## Task directions
All lines from the one containing "Pixel 6 Pro rear" through the end of the entries below should appear in the answer exactly, with no others.

## Provided material

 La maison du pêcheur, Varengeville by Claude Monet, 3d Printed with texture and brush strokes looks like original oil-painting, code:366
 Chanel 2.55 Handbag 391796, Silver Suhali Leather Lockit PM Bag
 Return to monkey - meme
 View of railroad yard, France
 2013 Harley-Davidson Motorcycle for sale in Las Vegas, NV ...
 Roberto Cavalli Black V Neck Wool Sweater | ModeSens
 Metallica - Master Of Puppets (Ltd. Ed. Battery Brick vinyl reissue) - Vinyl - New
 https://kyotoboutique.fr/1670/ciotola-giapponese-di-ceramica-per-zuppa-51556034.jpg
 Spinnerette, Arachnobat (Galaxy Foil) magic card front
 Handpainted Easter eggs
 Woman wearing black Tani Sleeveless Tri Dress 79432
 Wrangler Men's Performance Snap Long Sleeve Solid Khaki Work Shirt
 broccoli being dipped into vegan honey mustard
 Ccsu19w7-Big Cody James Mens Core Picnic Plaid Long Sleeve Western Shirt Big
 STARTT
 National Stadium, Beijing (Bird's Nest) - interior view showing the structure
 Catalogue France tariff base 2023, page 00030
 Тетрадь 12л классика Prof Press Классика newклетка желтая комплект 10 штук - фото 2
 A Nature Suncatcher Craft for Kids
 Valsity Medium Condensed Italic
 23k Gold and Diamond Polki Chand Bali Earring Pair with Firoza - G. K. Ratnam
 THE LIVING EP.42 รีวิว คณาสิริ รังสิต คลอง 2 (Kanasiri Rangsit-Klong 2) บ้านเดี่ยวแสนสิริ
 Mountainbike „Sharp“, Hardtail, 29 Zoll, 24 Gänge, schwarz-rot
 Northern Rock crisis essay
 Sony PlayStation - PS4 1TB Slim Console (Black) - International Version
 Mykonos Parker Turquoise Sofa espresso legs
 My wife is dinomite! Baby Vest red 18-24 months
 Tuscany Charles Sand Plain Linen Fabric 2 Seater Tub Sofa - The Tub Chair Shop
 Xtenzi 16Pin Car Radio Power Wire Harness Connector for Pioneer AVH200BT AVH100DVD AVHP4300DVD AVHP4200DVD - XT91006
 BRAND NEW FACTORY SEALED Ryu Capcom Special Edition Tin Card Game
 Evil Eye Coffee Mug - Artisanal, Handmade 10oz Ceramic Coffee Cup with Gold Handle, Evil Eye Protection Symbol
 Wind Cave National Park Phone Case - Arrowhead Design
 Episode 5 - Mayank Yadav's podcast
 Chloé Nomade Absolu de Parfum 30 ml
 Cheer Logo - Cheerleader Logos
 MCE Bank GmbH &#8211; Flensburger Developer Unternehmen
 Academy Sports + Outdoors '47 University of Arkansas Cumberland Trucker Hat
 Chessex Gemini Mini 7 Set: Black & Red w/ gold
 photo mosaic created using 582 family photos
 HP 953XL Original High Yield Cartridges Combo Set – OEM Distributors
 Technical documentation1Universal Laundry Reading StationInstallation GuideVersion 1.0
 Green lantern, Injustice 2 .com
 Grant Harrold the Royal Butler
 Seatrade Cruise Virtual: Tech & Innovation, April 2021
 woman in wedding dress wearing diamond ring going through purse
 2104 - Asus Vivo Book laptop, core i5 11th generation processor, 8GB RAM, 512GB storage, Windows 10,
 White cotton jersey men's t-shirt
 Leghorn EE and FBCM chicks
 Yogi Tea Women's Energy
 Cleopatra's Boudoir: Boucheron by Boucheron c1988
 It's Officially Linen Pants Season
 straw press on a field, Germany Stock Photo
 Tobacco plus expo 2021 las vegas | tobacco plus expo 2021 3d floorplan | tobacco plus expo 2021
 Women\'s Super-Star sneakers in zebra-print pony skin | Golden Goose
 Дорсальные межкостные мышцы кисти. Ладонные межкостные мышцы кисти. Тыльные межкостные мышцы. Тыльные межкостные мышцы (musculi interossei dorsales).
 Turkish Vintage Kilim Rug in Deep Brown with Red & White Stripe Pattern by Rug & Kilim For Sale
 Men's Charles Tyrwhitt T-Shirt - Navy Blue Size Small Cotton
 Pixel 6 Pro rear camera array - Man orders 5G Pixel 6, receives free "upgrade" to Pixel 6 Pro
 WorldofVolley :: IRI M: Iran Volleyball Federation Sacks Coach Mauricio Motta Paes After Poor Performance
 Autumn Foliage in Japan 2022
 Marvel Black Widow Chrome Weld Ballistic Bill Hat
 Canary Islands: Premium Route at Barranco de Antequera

## Result of the exercise
 Pixel 6 Pro rear camera array - Man orders 5G Pixel 6, receives free "upgrade" to Pixel 6 Pro
 WorldofVolley :: IRI M: Iran Volleyball Federation Sacks Coach Mauricio Motta Paes After Poor Performance
 Autumn Foliage in Japan 2022
 Marvel Black Widow Chrome Weld Ballistic Bill Hat
 Canary Islands: Premium Route at Barranco de Antequera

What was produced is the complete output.